Torque Pharmaceuticals
- Formation: 1985
- Founder: P.S. Chhatwal
- Type: private

= Torque Pharmaceuticals =

Indian pharmaceutical company

Torque pharmaceuticals is an Indian pharmaceutical company with production units at Issapur, Derabassi in Punjab and at Jharmajri, Baddi in Himachal Pradesh. It manufactures medicines for prevention and treatment of various health related problems. The product range comprises antibiotics, nutritional supplements and cough syrup to antipyretics and anti-inflammatory products.

==History==
Torque Pharmaceuticals was started as a partnership in August 1985 with a small investment of 240,000 INR (US$18000). It started with the production of oral liquids, with manufacturing of tablets starting in 1987. In 1991, after the acquisition of Mac Brown, the manufacturing of small volume parenterals and exports to Uganda commenced. A manufacturing unit was set up at Derabassi, Himachal Pradesh in 1994 and the company was named as Torque Pharmaceuticals Pvt. Ltd., which started the manufacture of parenterals in 2002. In the same year exports to Mozambique and Angola were started. A WHO-GMP Compliance Certificate was awarded by the Drug Regulatory Authorities in the year 2005, as was ISO 9001-2000 certification. The National Drugs Authority (NDA), Uganda certified TORQUE for export of medicines. Another unit was added in Baddi, Himachal Pradesh in 2006.

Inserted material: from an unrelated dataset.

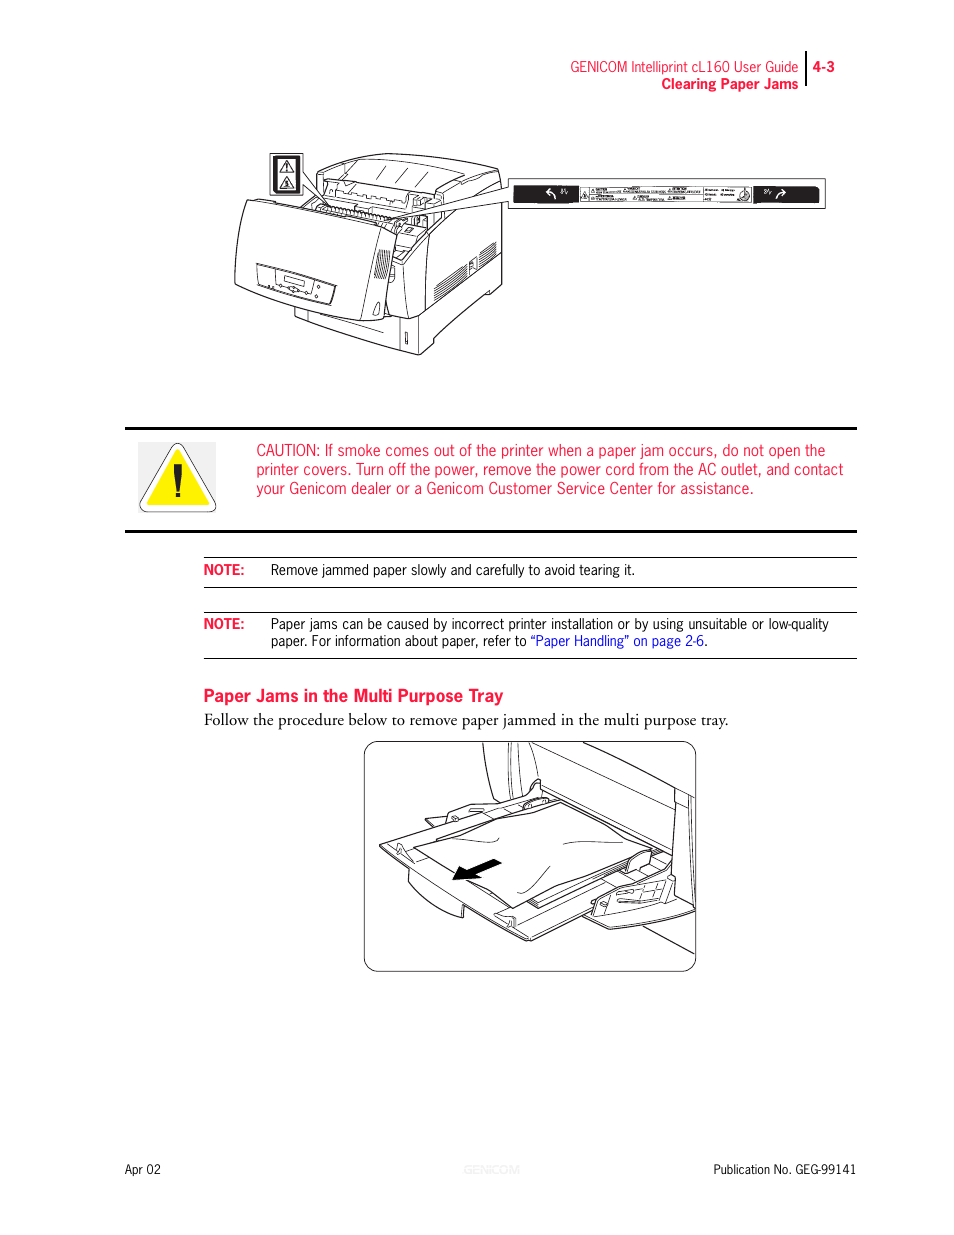 Paper jams in the multi purpose tray 4-3 | Genicom cL160 User Manual | Page 103 / 216

Under the campaign to promote Torex Cough Syrup, renowned singer Jagjit Singh was chosen as its ambassador in 2007. The next year the company was inspected by Pharmacy and Poisons Board Kenya and subsequently approved. The existing facilities were further expanded in 2010 with acquisition of 200,000 sq. ft. of constructed area in Baddi. More products were launched under the brand name; Ketomac shampoo and No Scars. Next year, other brands were acquired from Ochoa Labs, such as Canstat, Terbofin and Zincoa. The personal care segment was started with introduction of Ketomac Hair Oil in 2012. A year later, the traditional distribution system of its logistical network was changed to DTS. At present, increases in sales volumes are being stressed.

==Recognition==
Torque has been awarded NSIC-CRISIL SE1B credit rating for ‘Highest Performance Capability & Moderate Financial Strength’, NDA (Uganda) Certification, Certification from Pharmacy & Poisons Board (Kenya) and is a member of Basic Chemicals, Pharmaceuticals & Cosmetics Export Promotion Council (CHEMEXCIL), Delhi Chamber of Commerce, Pharmexil and Pharmabiz.